La cure de Nieul, dans l'ancien archiprêtré de Saint-Junien, était sous le vocable de l'Assomption de la Sainte-Vierge, et jadis de saint Pierre. L'évêque de Limoges y a toujours nommé les curés. Vers la fin du XVIIIe siècle il y avait 820 communiants, environ 1 096 habitants.
Noble Raton ou Ratier de Montrocher, sieur dudit lieu et baron de Nieul, fonda une vicairie, dans cette église à l'autel de saint Georges, Jean de Montrocher y nommait un titulaire en 1461. L'évêque de Limoges en nommait d'autres en 1674, 1695. Ce que fit aussi Jean-Baptiste Texandier, sieur de l'Aumônerie et Verneuil, comme seigneur de la baronnie de Nieul en 1722 et 1755.
Il y avait une autre vicairie appelée de Notre-Dame, à laquelle fut nommé Joseph Guingand de Saint-Mathieu le 14 février 1785 par la dame de Nieul.
Les registres paroissiaux de Nieul mentionnent le bénédiction de deux cloches dans la note suivante :
« Le 6 décembre 1775 ont été bénites dans l'église paroissiale de Nieul deux cloches ; l'une qui a été bénite sous l'invocation de sainte Catherine a eu pour parrain l'illustrissime et révérendissime Louis-Charles du Plessis d'Argentré, évêque de Limoges, qui a fait la cérémonie, et pour marraine Catherine Texandier, dame de Nieul.
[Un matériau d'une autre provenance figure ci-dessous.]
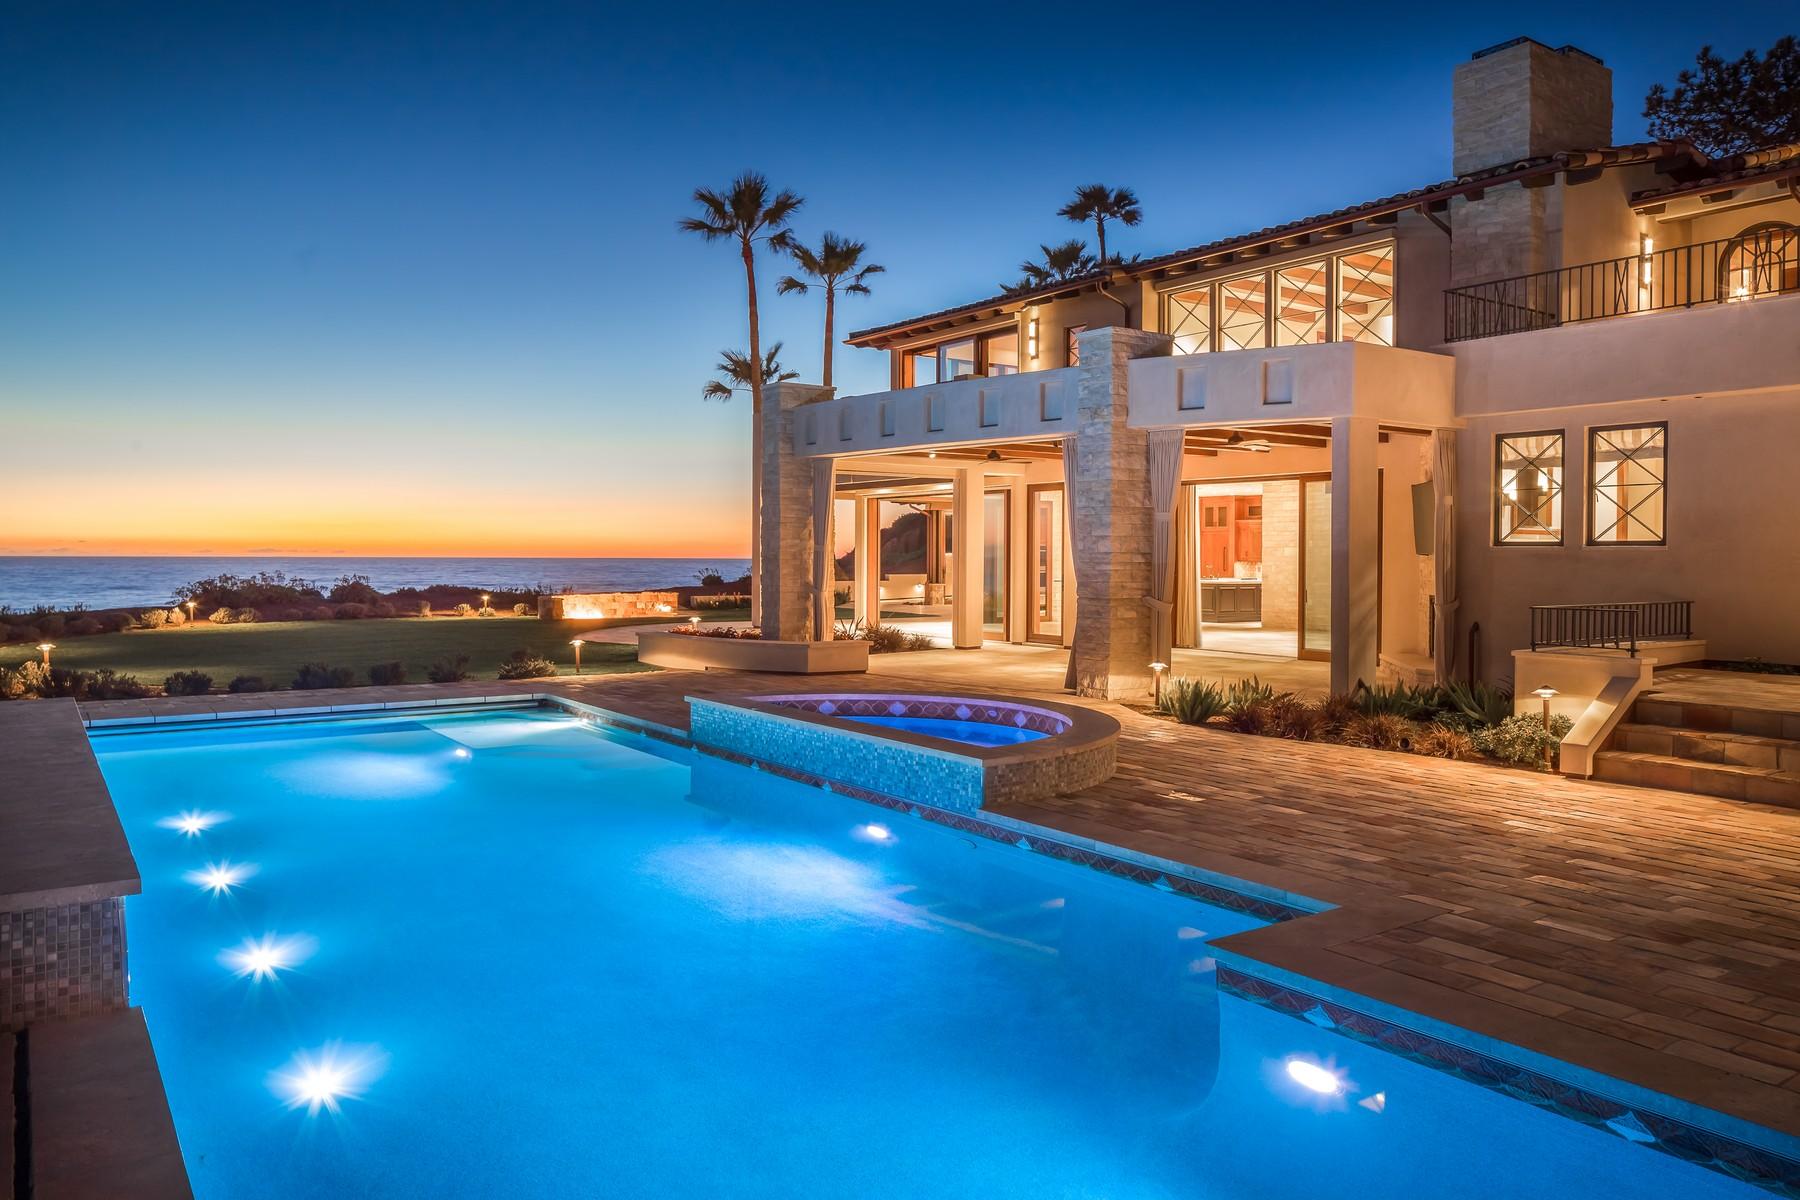 Частный односемейный дом для того Продажа на 100 Stratford Del Mar, 92014 Соединенные Штаты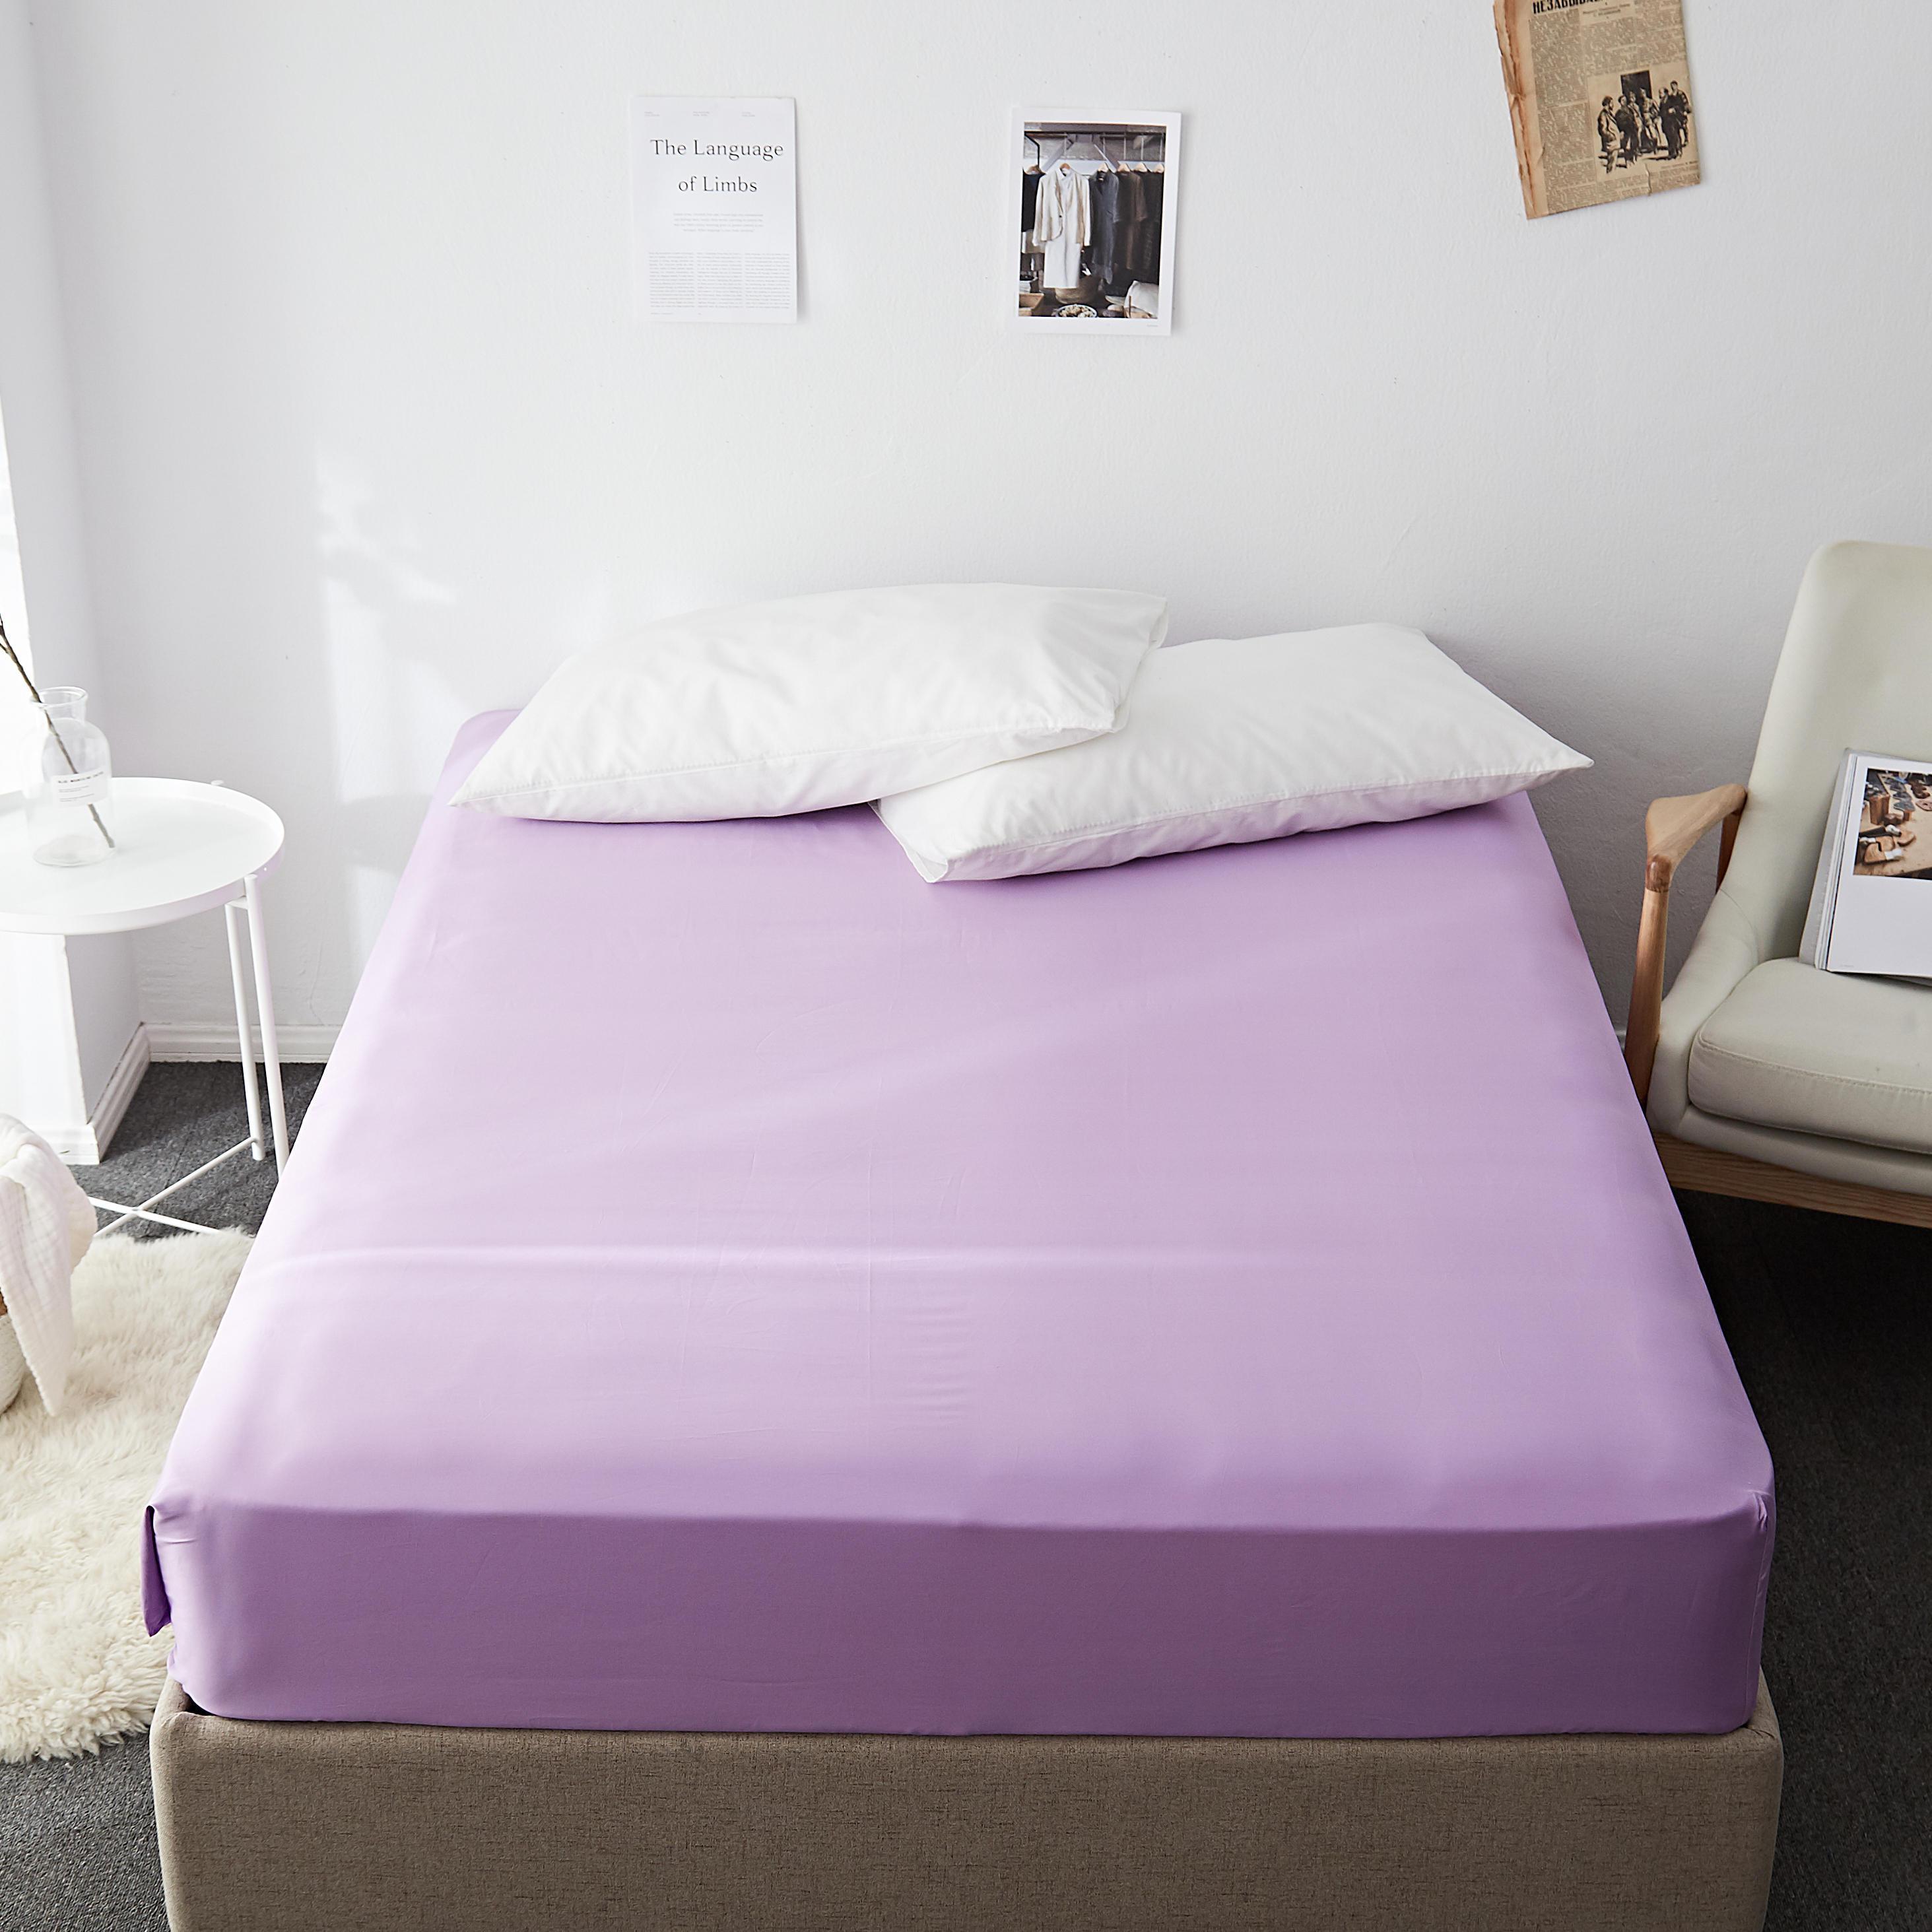 ملاءة سرير من القطن الناعم والمخمل ، طويلة التيلة 60 ثانية ، مقاومة للتجاعيد ، بلون أرجواني عادي

« L'autre qui a été bénite sous l'invocation de Marie, a eu pour parrain Mre Jean Pouyat, ancien curé de Nieul, principal du collège de Limoges, et pour marraine Marie de Corbier, dame de Coux. Ont été présents à la cérémonie et ont signé :
« ✠ L. C. Evêque de Limoges, Catherine de Nieul de Fressanges. Marie de Corbier de Coux-Lostende, De Guillaume de Rochebrune, Losmonerie. Pouyat, principal du Collège, l'abbé de Montesquiou, vic. gén, L. de Maussac, vic.gén. De Coux, De Corbier, La Renaudie, de Saint-Mathieu ».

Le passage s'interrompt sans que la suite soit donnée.